*** INPUT DATA

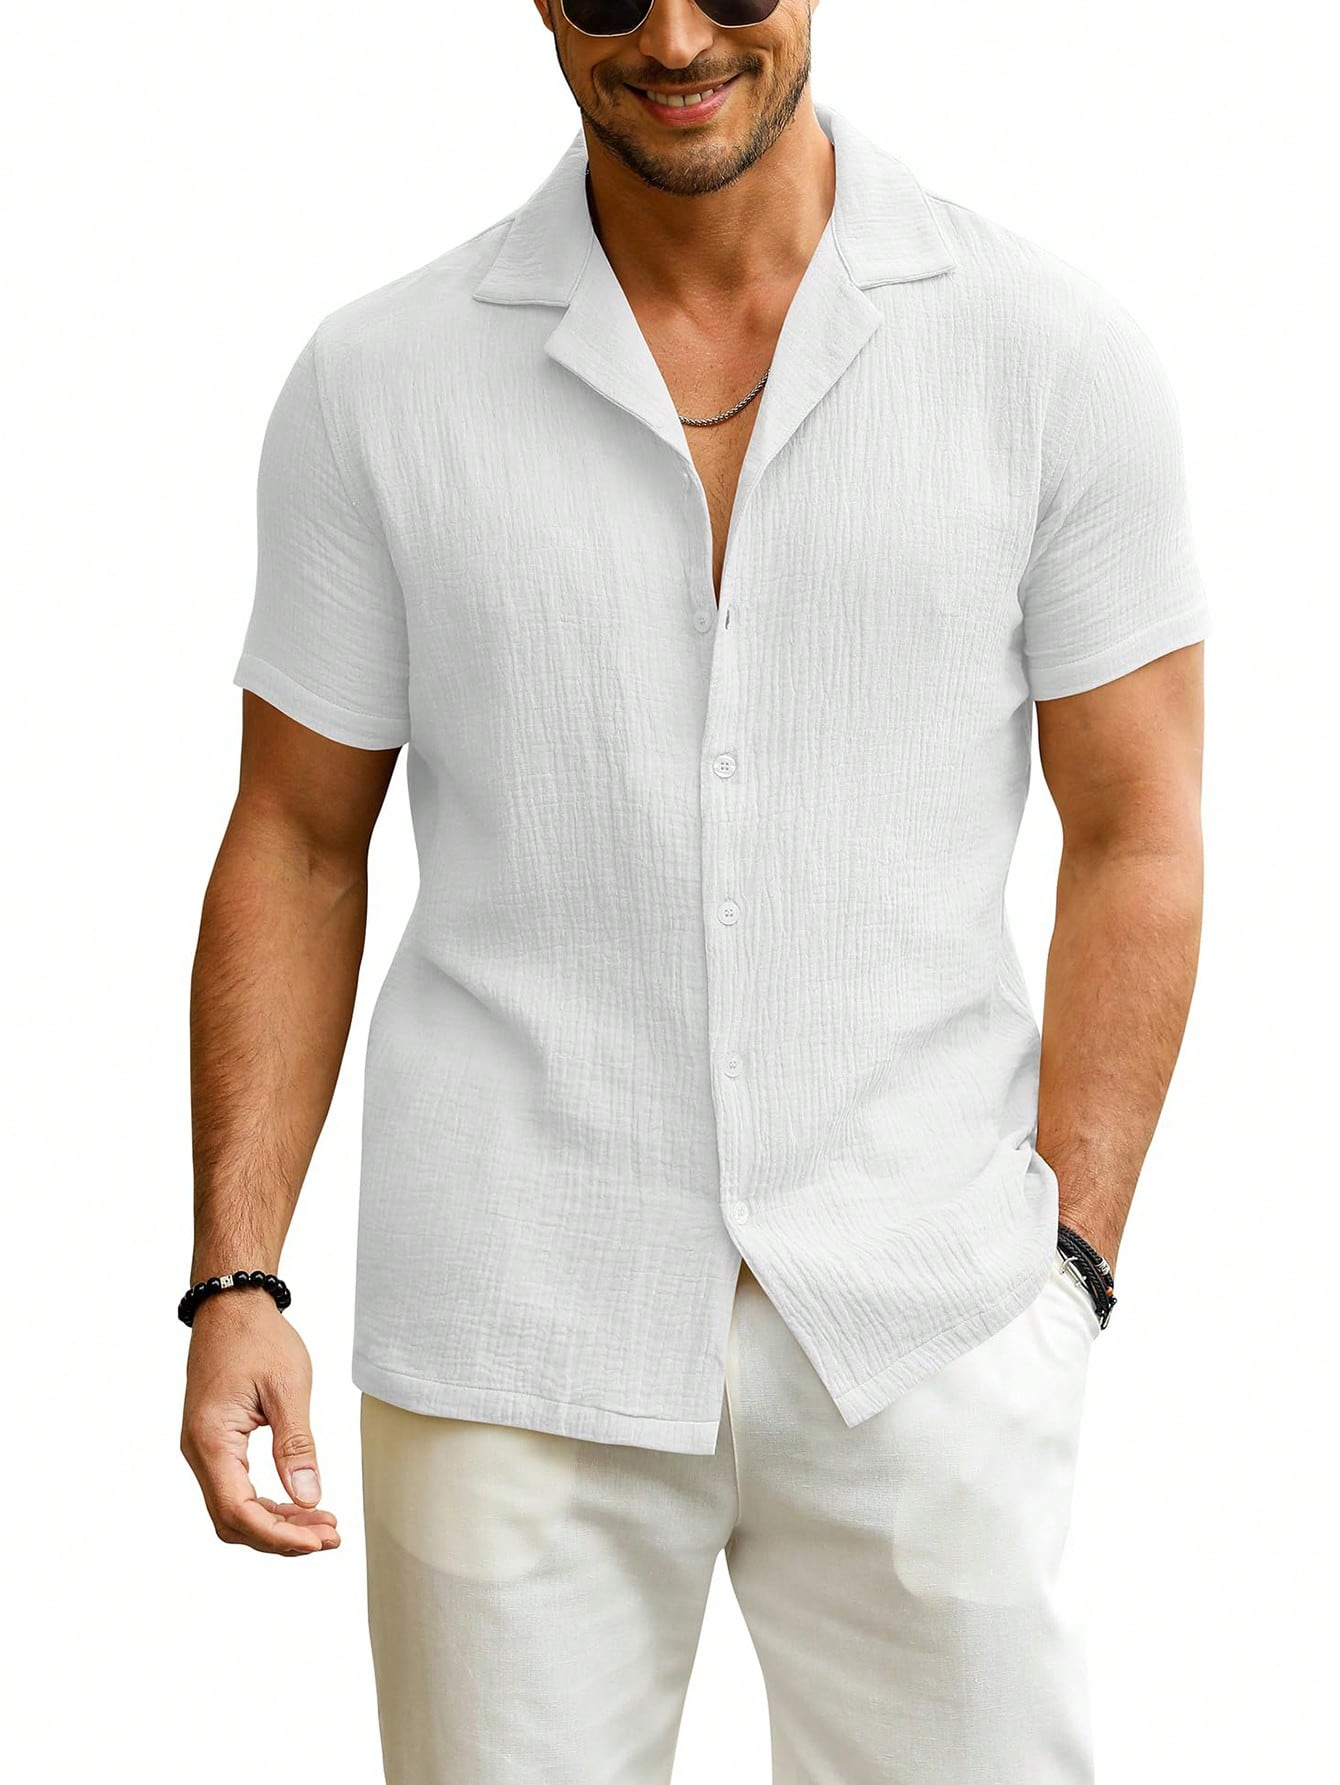 Мужская рубашка с коротким рукавом на пуговицах и воротником для летнего пляжа, белый мужская поглощающая рубашка с коротким рукавом и отложным воротником на пуговицах
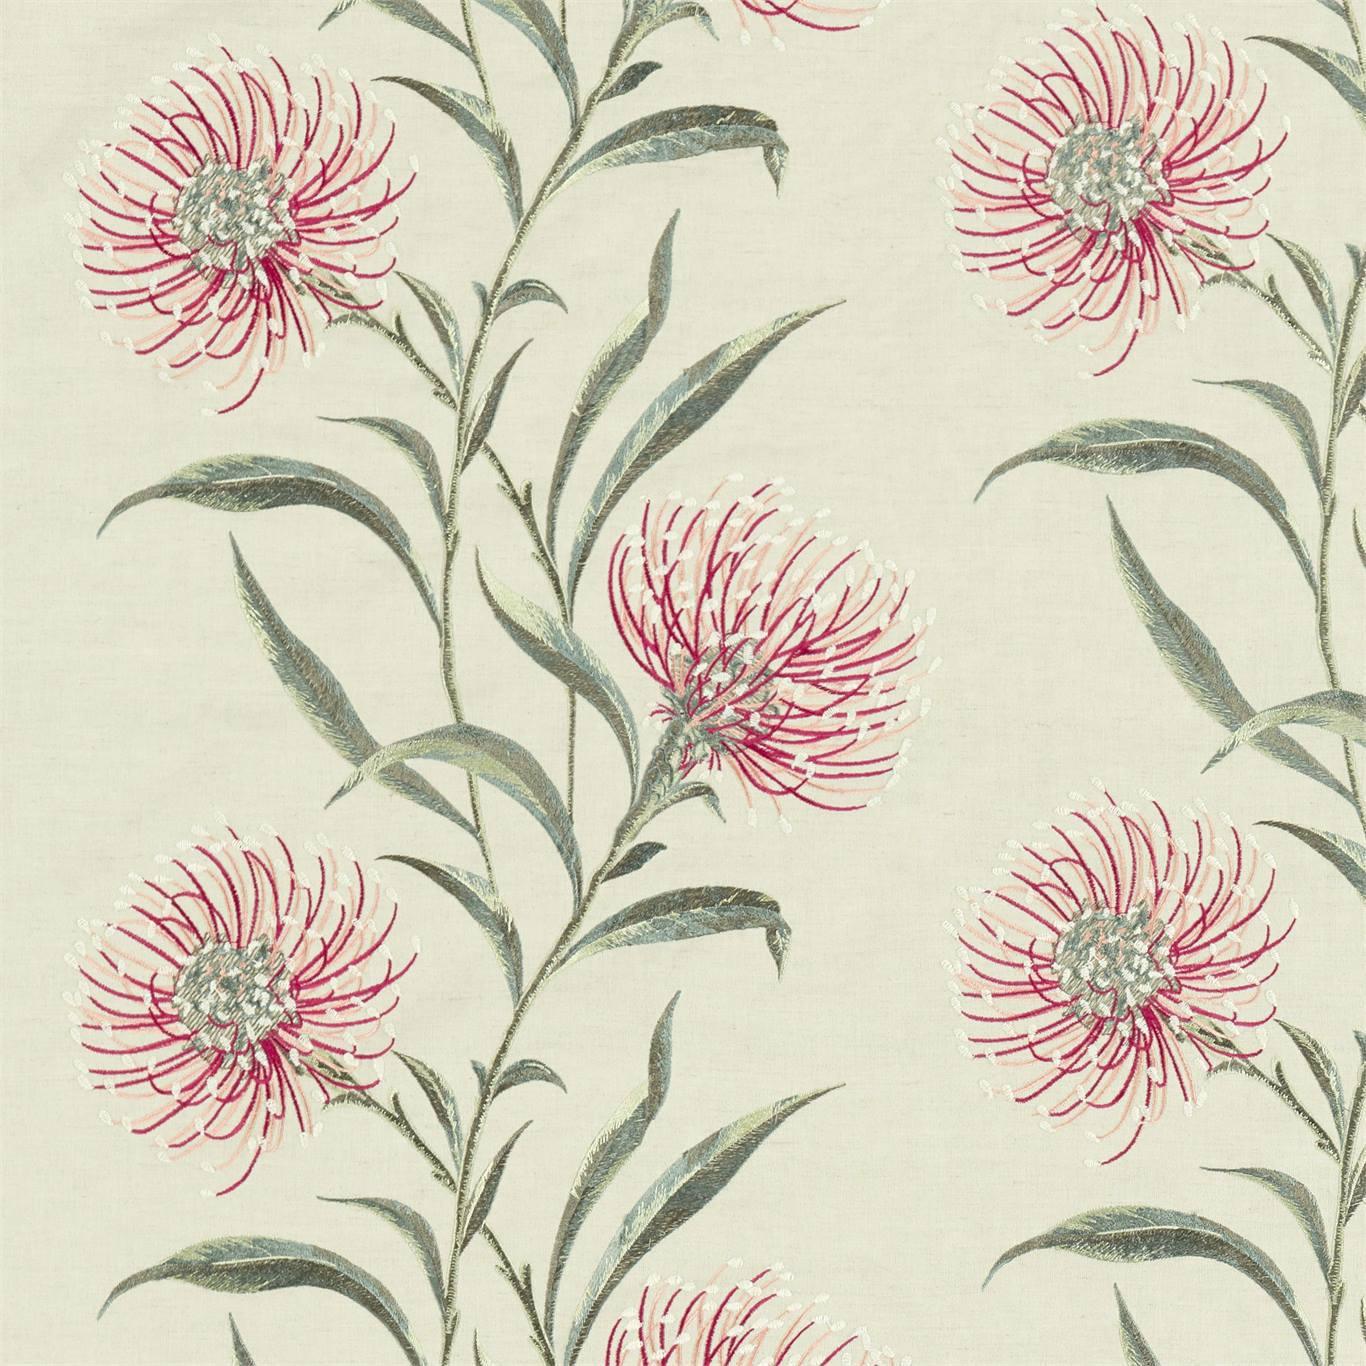 Tessuto Sanderson Catherinae Embroidery - Brand_Sanderson, Fantasia_Natura, Uso_Rivestimento cuscini, Uso_Tende - Tessuti - Sanderson
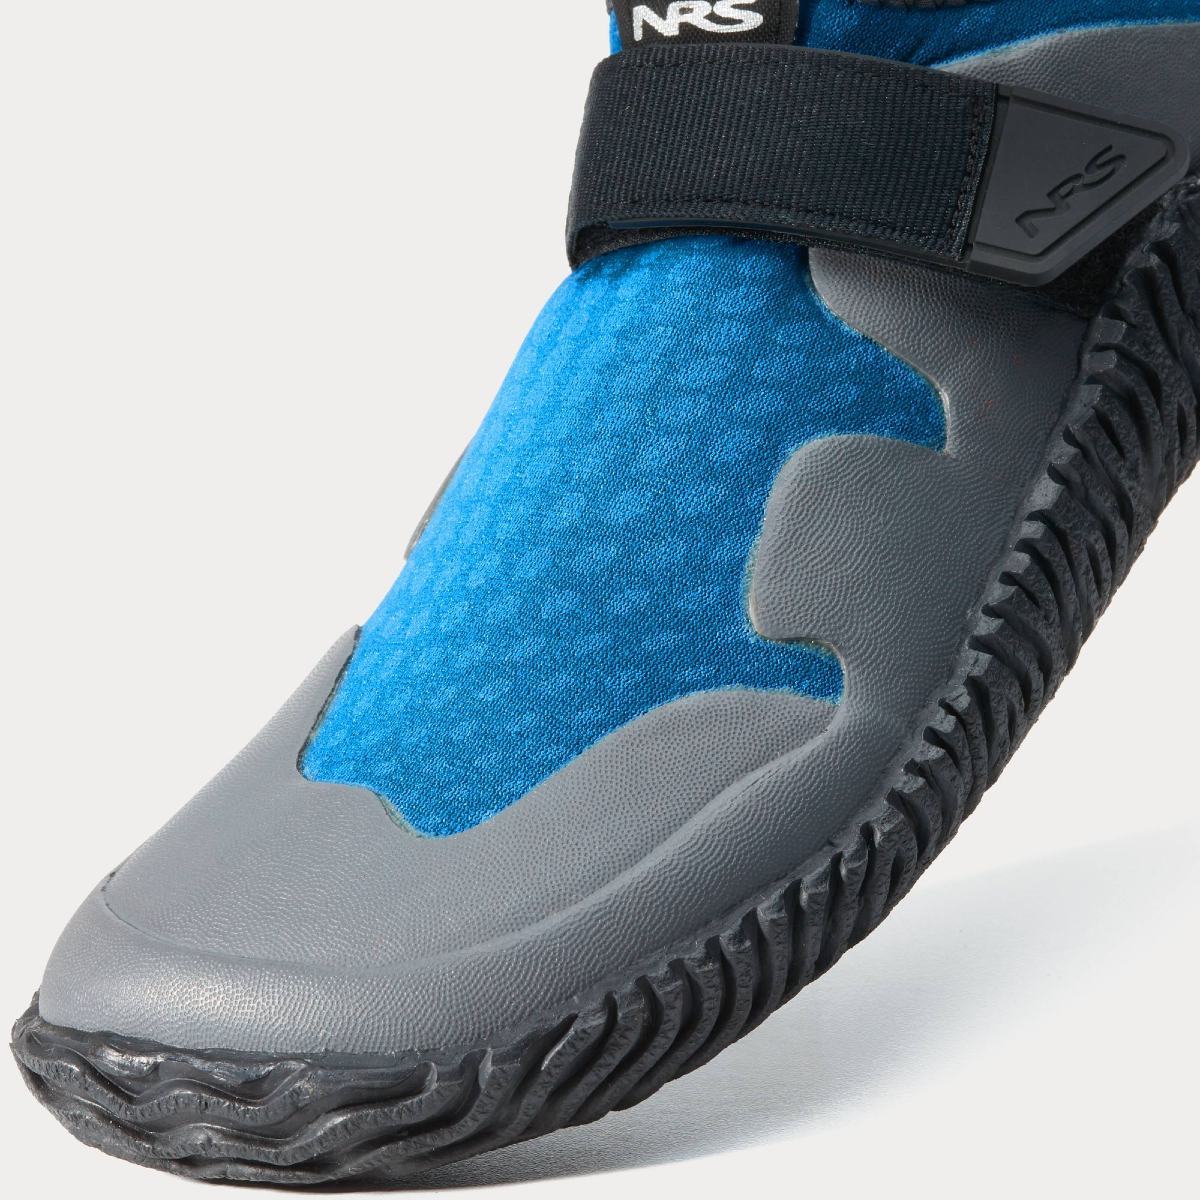 NRS Kicker Neoprene Shoes, Women's

******

*REQUIRED ACTION*. Strip the images and return the remaining data exactly.

*YOUR RESPONSE*.
 Мужская рубашка с коротким рукавом на пуговицах и воротником для летнего пляжа, белый мужская поглощающая рубашка с коротким рукавом и отложным воротником на пуговицах
 Tessuto Sanderson Catherinae Embroidery - Brand_Sanderson, Fantasia_Natura, Uso_Rivestimento cuscini, Uso_Tende - Tessuti - Sanderson
 NRS Kicker Neoprene Shoes, Women's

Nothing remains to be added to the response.